Sometimes small things, a scene from your window, a scene when you are walking to work, a detail of nature, the behavior of a child, pure and simple things, a little animal sometimes playing with his toys, these simple things that animals and children know how to value so much. When we start to notice in detail, when we are meticulous, and we look at the beauty of life, this gives us a lot of lightness. Because we realize that despite any adversity, life gives us a lot.
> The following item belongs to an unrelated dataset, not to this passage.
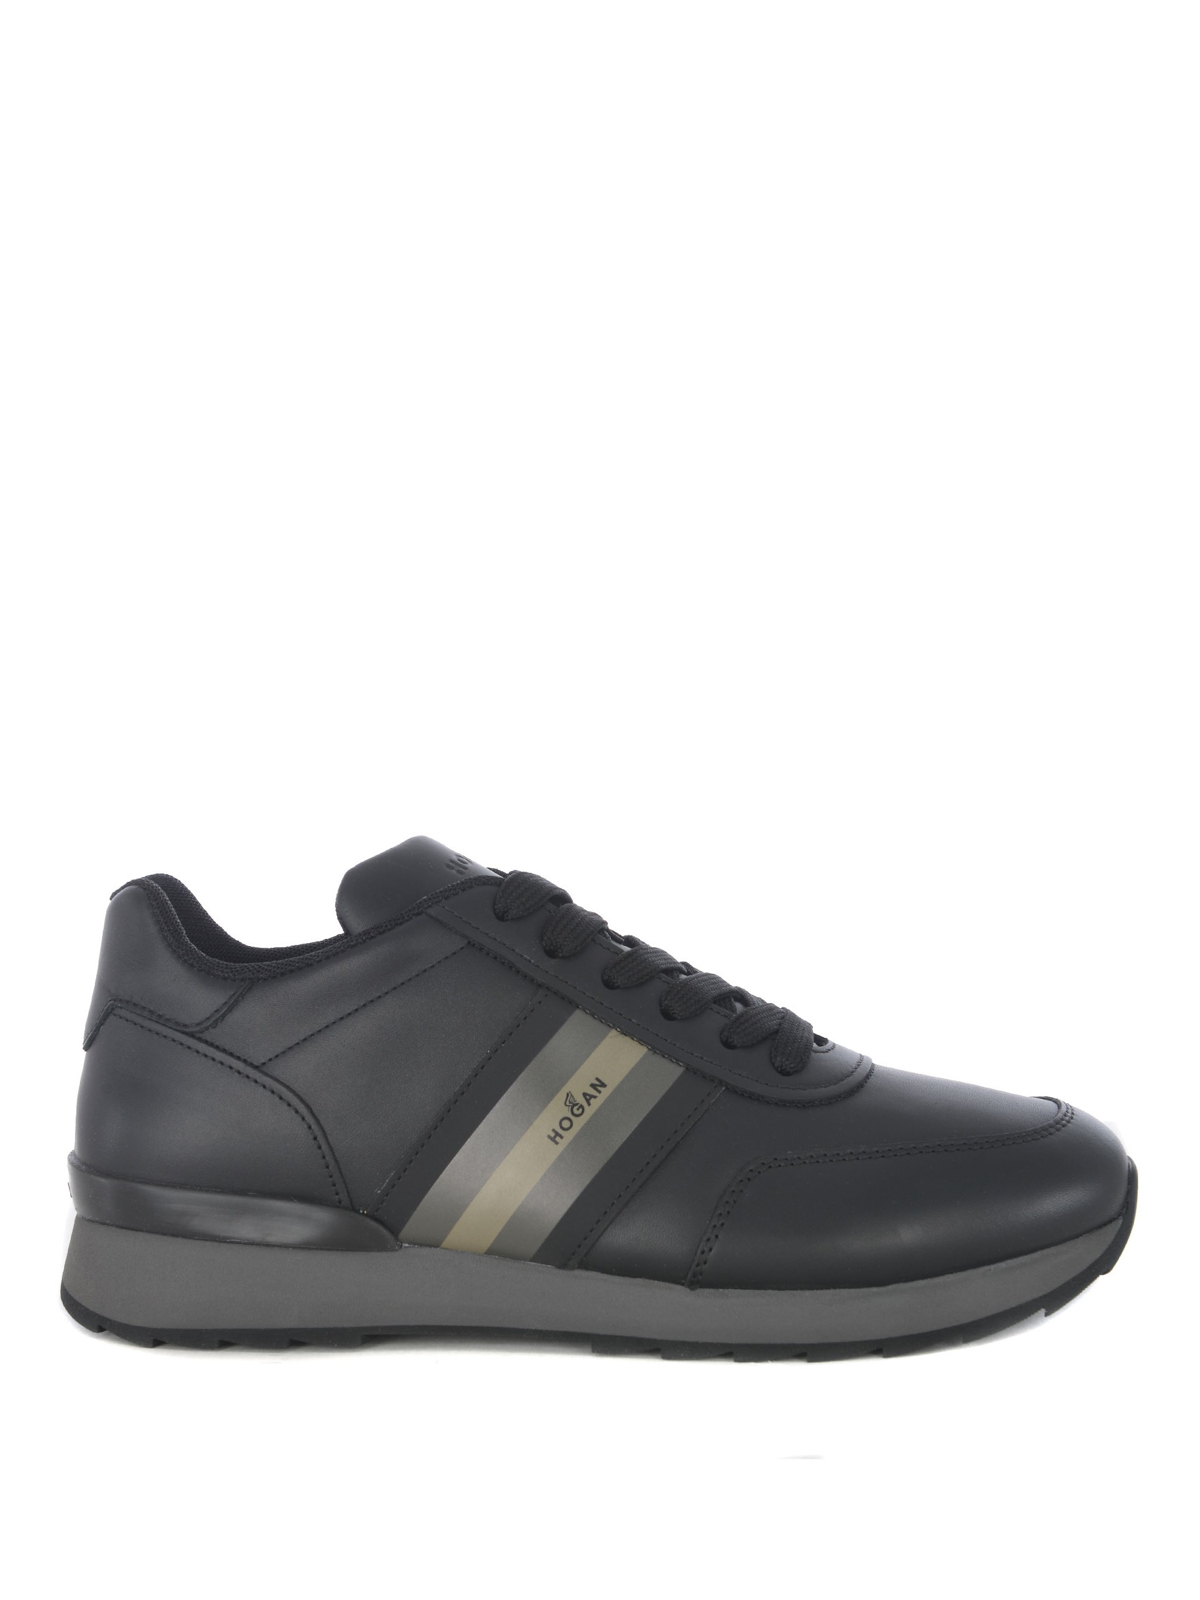 Trainers Hogan - R261 black leather sneakers - GYM2610AY40JBFB999
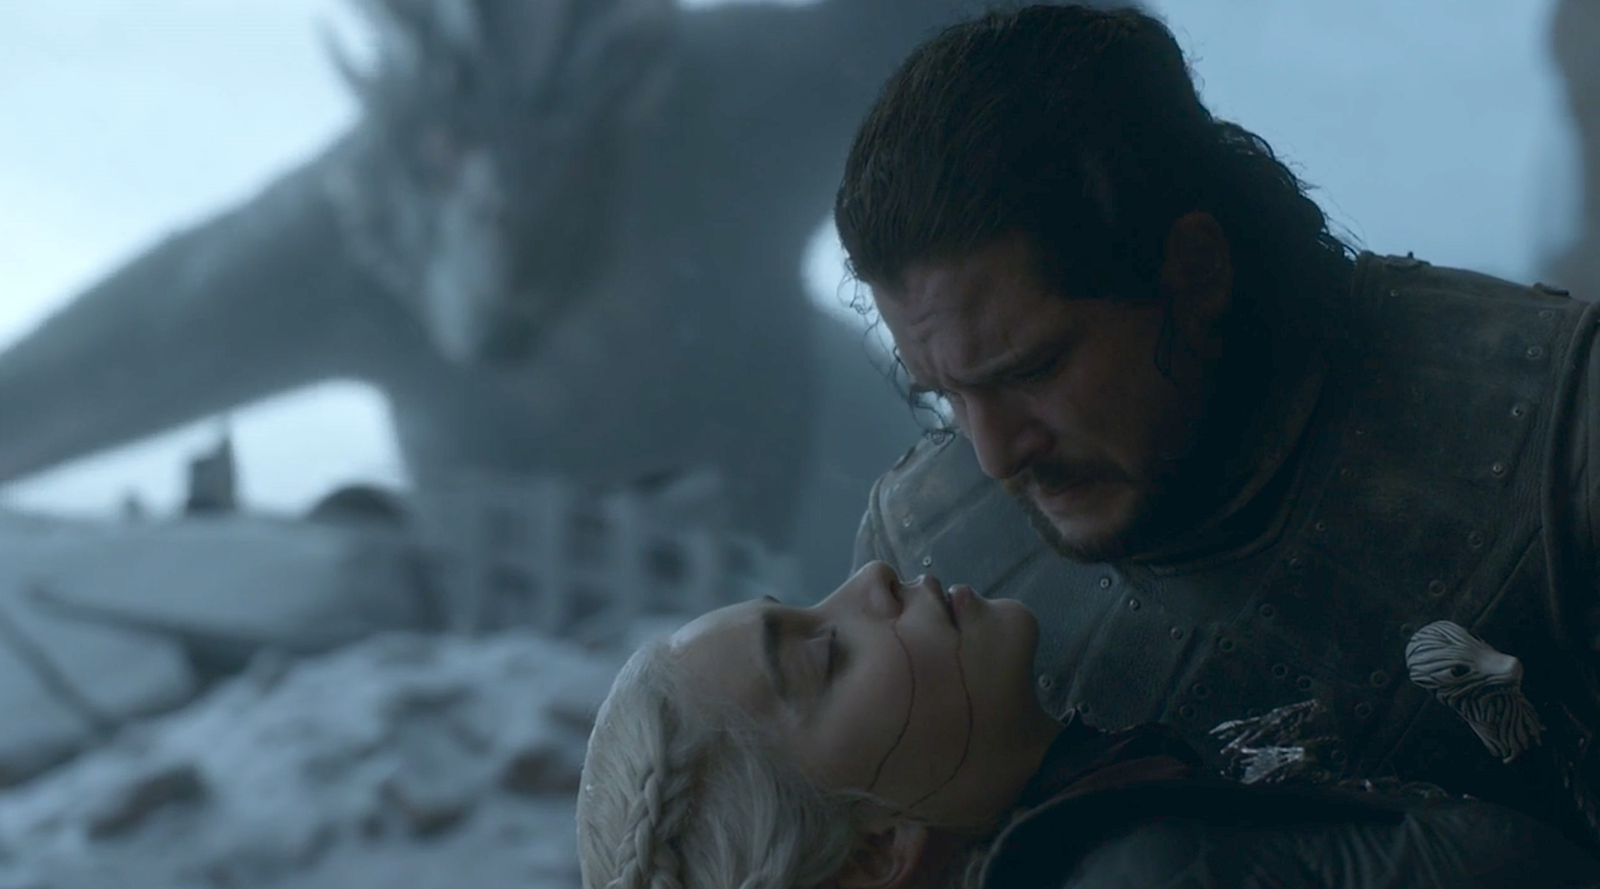 Jon Snow backstabs Daenerys Targaryen in the finale of Game of Thrones

Life gives us a lot all the time. And this observation gives us a lot of lightness. In short, lightness comes from loving life and knowing how to flow with it.
Knowing how to make it more and more consistent with nature. With which it can take us forward more and more. Lightness comes from knowing how to love life.
The Stoics called this amor fati, amor fatum. To love fate, destiny, life as it presents itself. And knowing how to walk at the pace it proposes.
To flow with it. We are fluid beings. We were made to flow through the obstacles of life.
To flow, letting it take us. And appreciating the beauty of each moment. When we love life, we have a lot of lightness.
That is, look to your future. Look to your next year. And love the future.
And say, this will be the year I will grow. This will be the year I will leave bigger than I entered. The New Year of 2024 will not take me to the same point that the New Year of 2023 left me.
I will flow in this time. I will take advantage of the time. I will put life inside it.
And I will get bigger on the other side. This means facing life with lightness. Leave behind, on December 31st, leave behind the burden you carry.
Both on the physical plane, on the emotional plane, on the mental plane. And face your future with lightness. I'm sure this is one of the most productive and favorable votes I can make for your new year.
And from this vote, I wish you a year of many achievements, of many happiness and of much lightness. A hug for you. Thank you.